A recent post at Marco Frasca's Gauge Connection blog discusses two of these subtle Standard Model variants which are described at greater length in the following papers:
* Steele, T., & Wang, Z. (2013). Is Radiative Electroweak Symmetry Breaking Consistent with a 125 GeV Higgs Mass? Physical Review Letters, 110 (15) DOI: 10.1103/PhysRevLett.110.151601 (open access version available here).
This model, sometimes called the conformal formulation, predicts a different Higgs boson self-coupling constant value of lambda=0.23 at the Higgs boson mass for a Higgs boson of 125 GeV (77% more than the Standard Model prediction) in a scenario in which electroweak symmetry breaking takes place radiatively based on an ultraviolet (i.e. high energy) GUT or Planck scale boundary at which the Higgs boson self-coupling takes on a notable value (for example, zero) and has a value determined at lower energy scales by the beta function of the Higgs boson.
This model, in addition to providing a formula for the Higgs boson mass thereby reducing the number of experimentally measured Standard Model constants by one, dispenses with the quadratic term in the Standard Model Higgs boson equation that generates the hierarchy problem. The hierarchy problem, in turn is a major part of the motivation of supersymmetry. But, it changes no experimental observables other than the Higgs boson pair production rate, which is hard to measure precisely, even with a full set of LHC data that provide quite accurate measurements of most other Higgs boson properties.
Similar models are explored here.
* Marco Frasca (2013). Revisiting the Higgs sector of the Standard Model arXiv arXiv: 1303.3158v1
This model predicts the existence of excited higher energy "generations" of the Higgs boson at energies much higher than those that can be produced experimentally, giving rise to a predicted Higgs boson self-coupling constant value of lamba=0.36 (which is 177% greater than the Standard Model prediction).
Both of these alternative Higgs boson theories propose Higgs boson coupling constant values that are outside the one sigma confidence interval of the Standard Model value based upon the full LHC data to date, but are within the two sigma confidence interval of that value. The 0.13 v. 0.23 Higgs self-coupling value distinction looks like it won’t be possible to resolve at more than a 2.6 sigma level even after much more data collection at the LHC, although it should ultimately be possible to distinguish Frasca's estimate from the SM estimate at the 5.9 sigma level before the LHC is done, and a the 2 sigma level much sooner.
SUSY and the Higgs Boson Self-Coupling Constant
Supersymmetry (SUSY) models generically have at least five Higgs bosons, two of which have the neutral electromagnetic charge and even parity of the 125 GeV particle observed at the LHC, many of which might be quite heavy and have only a modest sub-TeV scale impact on experimental results.
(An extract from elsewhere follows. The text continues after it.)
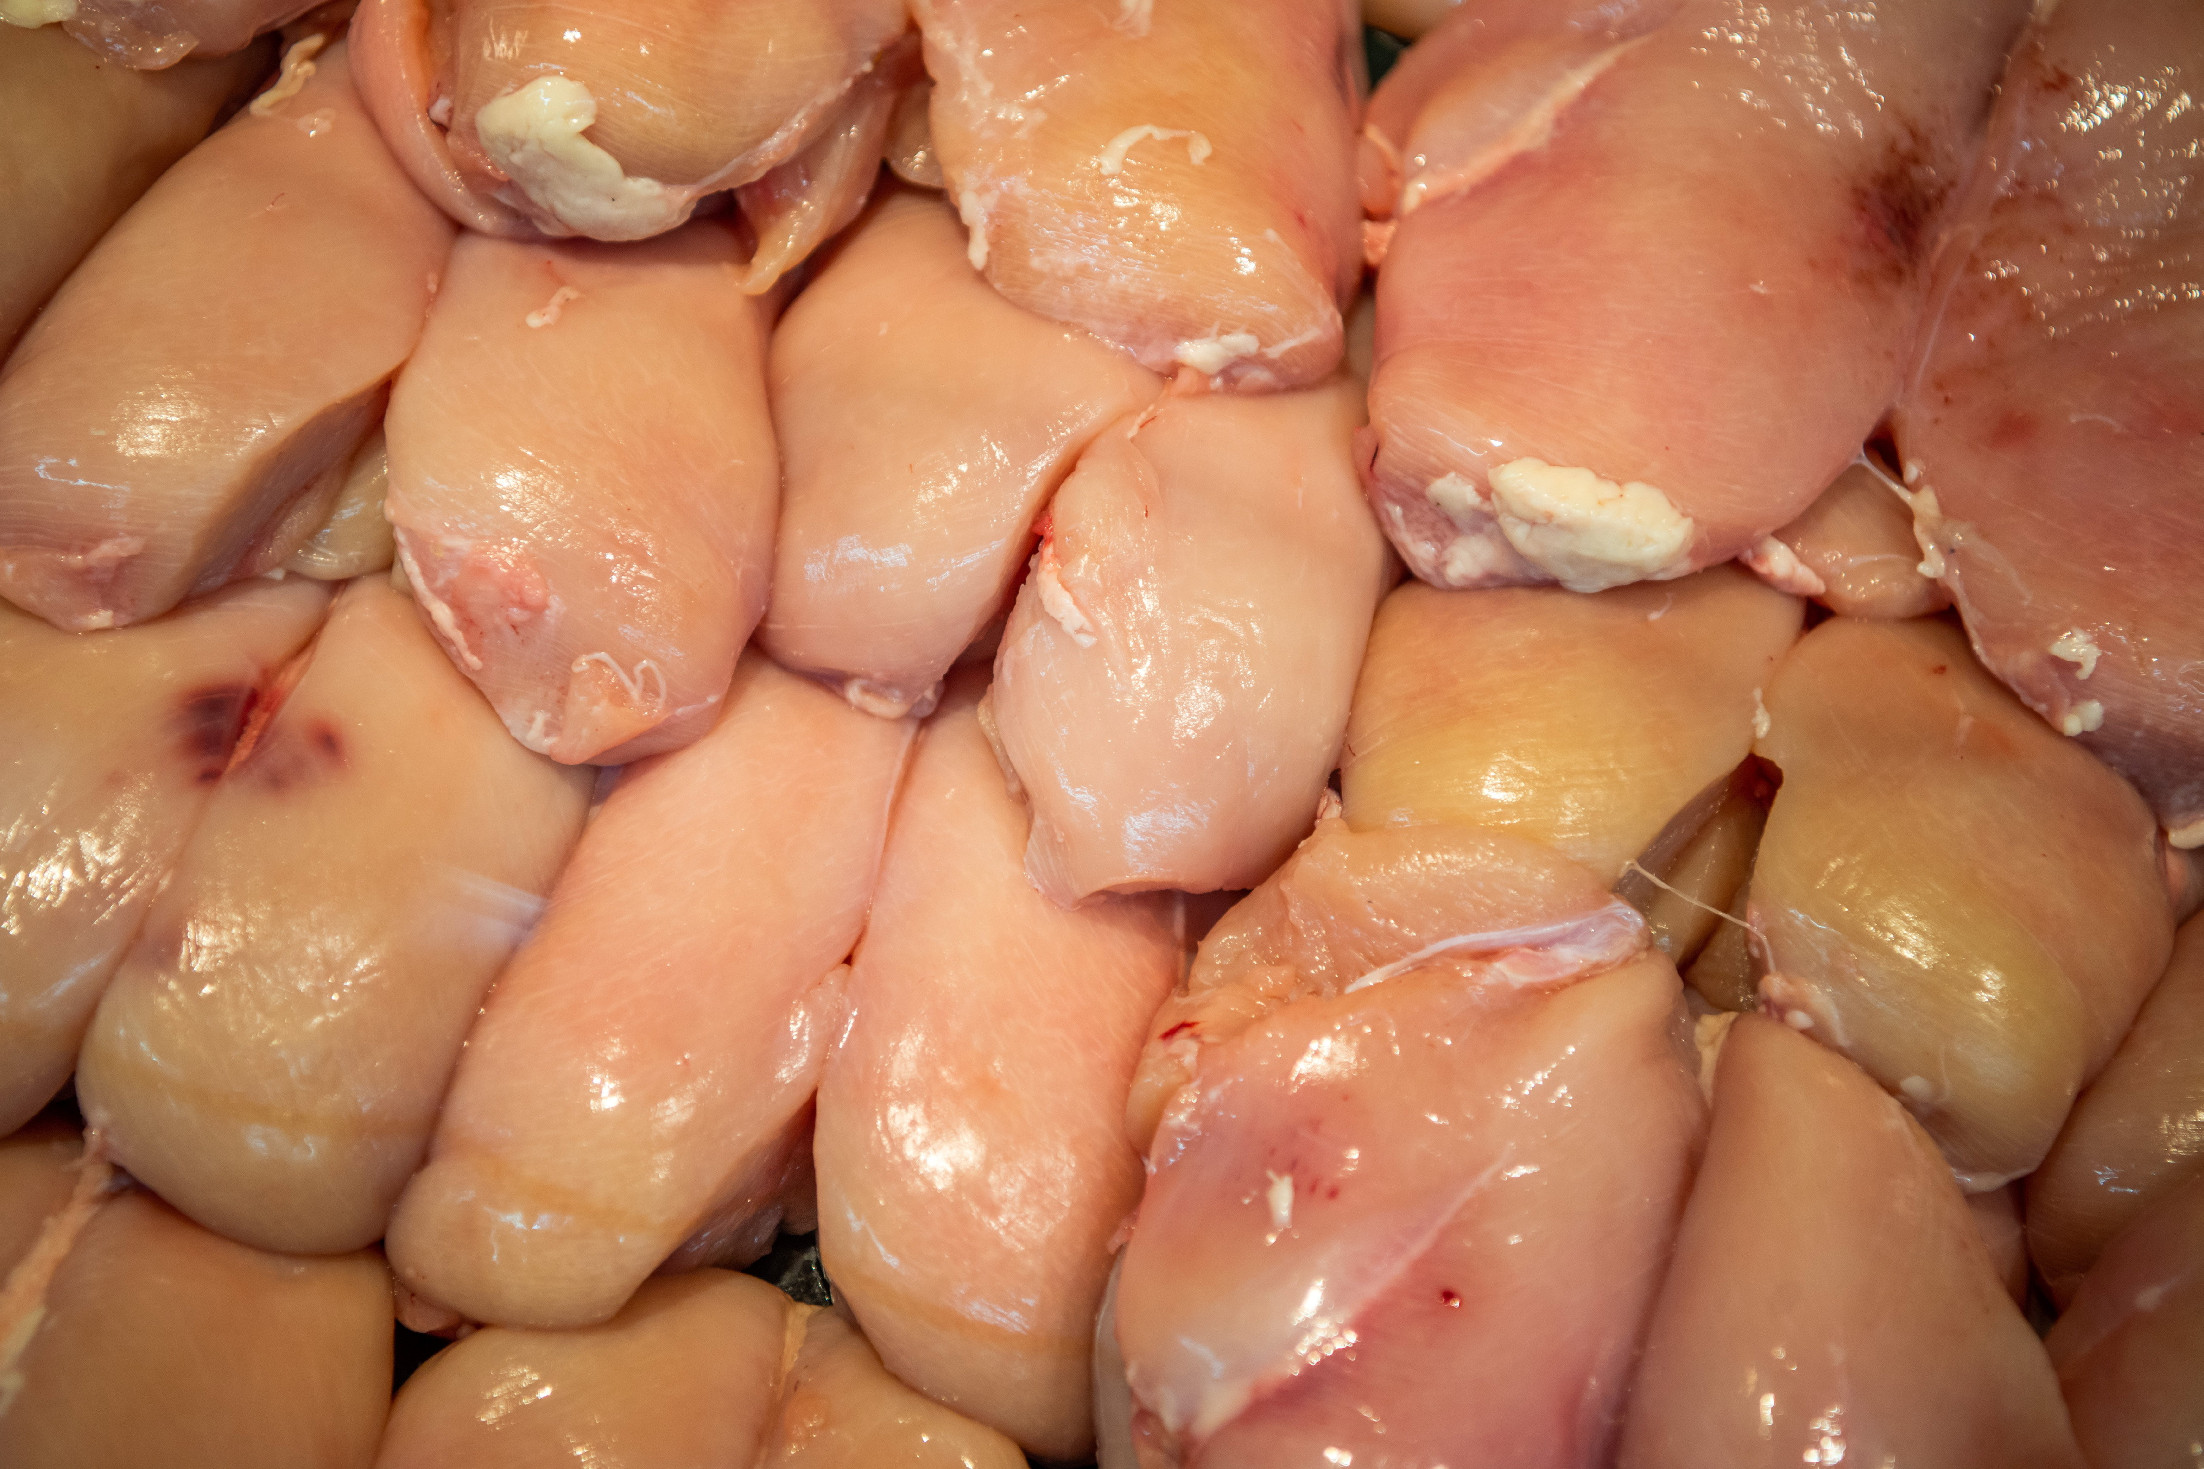 Több mint egy tonna ismeretlen eredetű csirke far-hátot találtak egy teherautóban

The closer the measured Higgs boson self-coupling is to the Standard Model expectation, and the more precision there is in that measurement, the more constrained the properties of the other four Higgs bosons and other supersymmetric particles must be in those models since the other four can't be contributing much to the scalar Higgs field in low energy interactions if almost all of the observational data is explained by a Higgs boson like looks almost exactly like the Standard Model one.
The mean value of the Higgs boson contribution to electroweak symmetry breaking is about 96% with a precision of plus or minus about 14 percentage points. If the actual value, consistent with experiment is 100%, then other Higgs bosons either do not exist or are "inert" and do not contribute to electroweak symmetry breaking.